This one is barley with some cooked multi-colored quinoa mixed into the dough.
And this one is hard red winter wheat.
I also made some whole wheat with spelt loaves, as well as some multi-grain including spelt, hard red winter wheat, buckwheat, oats, barley, and kamut. (LOVE that last one.)

I’m really loving grinding my own grains. I mean, where else are you going to get kamut flour unless you buy the kamut and grind it yourself? By the way, all of these breads are made with my Grandmother Bread recipe, just substituting the grains. I like to mix in some all-purpose flour for lightness, and use a dough conditioner/enhancer.

Along with baking loaves, I also made pizza bread. The first day of a retreat including cheesemaking, I teach homemade mozzarella and all the attendees make their own cheese. That evening, for dinner, they make pizza with their mozzarella. I lay out topping choices and give them a partially baked pizza crust to create their own unique pizza with their very own cheese.

Partially baked pizza crusts:
These crusts are made from whole wheat with spelt. I baked them for about 5 minutes, just enough to set them but not bake them completely. I cool the partially baked crusts on racks before packing them up.
Using gallon freezer bags, I put two crusts to a bag.
This was the first batch of crusts I made. I made more the next day, and kept baking loaf breads. Making pizza crusts in advance is something I also do myself. There’s nothing like grabbing a prepared homemade crust out of the freezer on a crazy day to make dinner easy. And, of course, I always to do it in advance this way for retreats.

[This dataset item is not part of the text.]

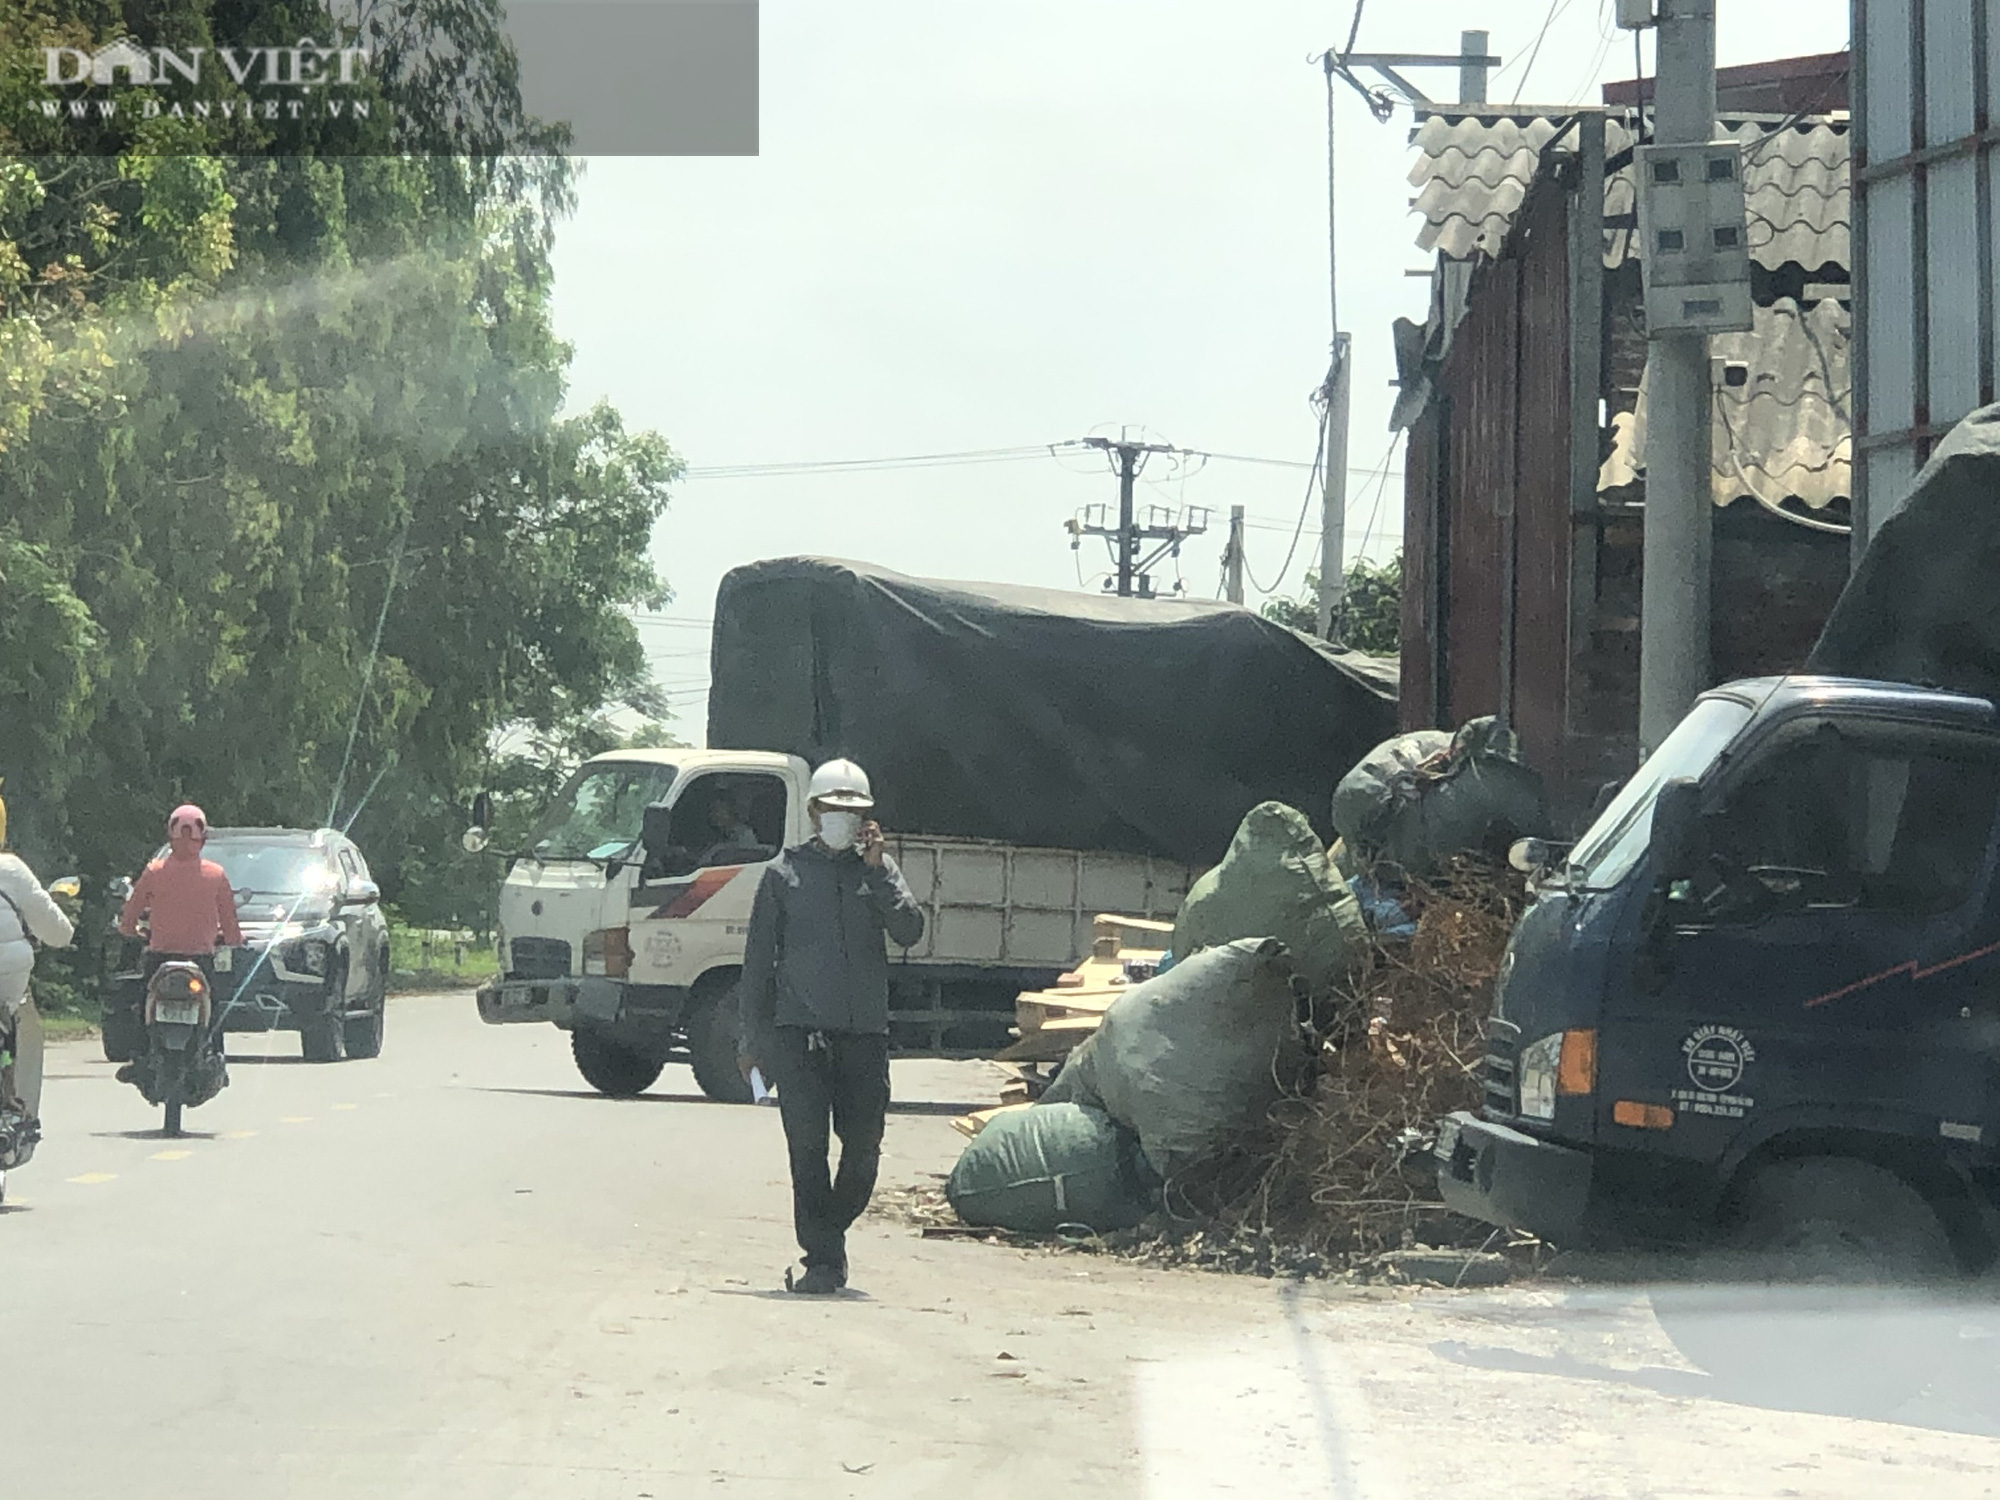 Ô nhiễm ở Phong Khê: Bị yêu cầu đóng cửa, Công ty Viphaco vẫn cố tình sản xuất, dọa đập máy ảnh của phóng viên - Ảnh 3.
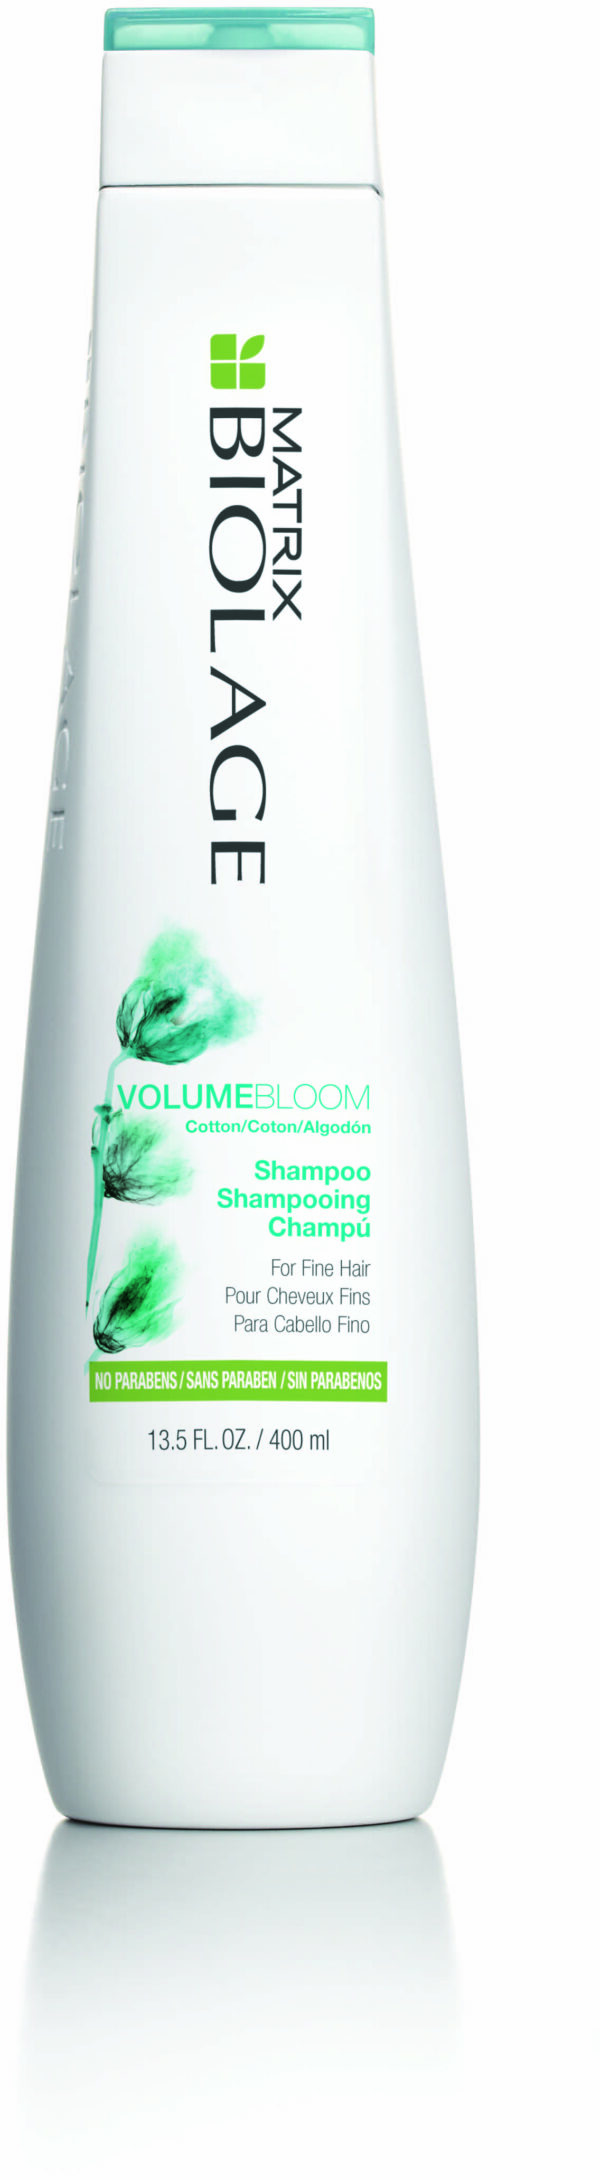 Biolage Volumebloom Shampoo 400ml

Preparing for a retreat is a big undertaking. I’m so excited about the next one coming up because I’m really well stocked, am preparing some really special things for the meals, and even got the studio shelves re-organized and worked on my equipment and tools where I needed beefing up.

P.S. You can find out all about upcoming retreats here. There are still a few spaces available, so come on, join us at one of the events!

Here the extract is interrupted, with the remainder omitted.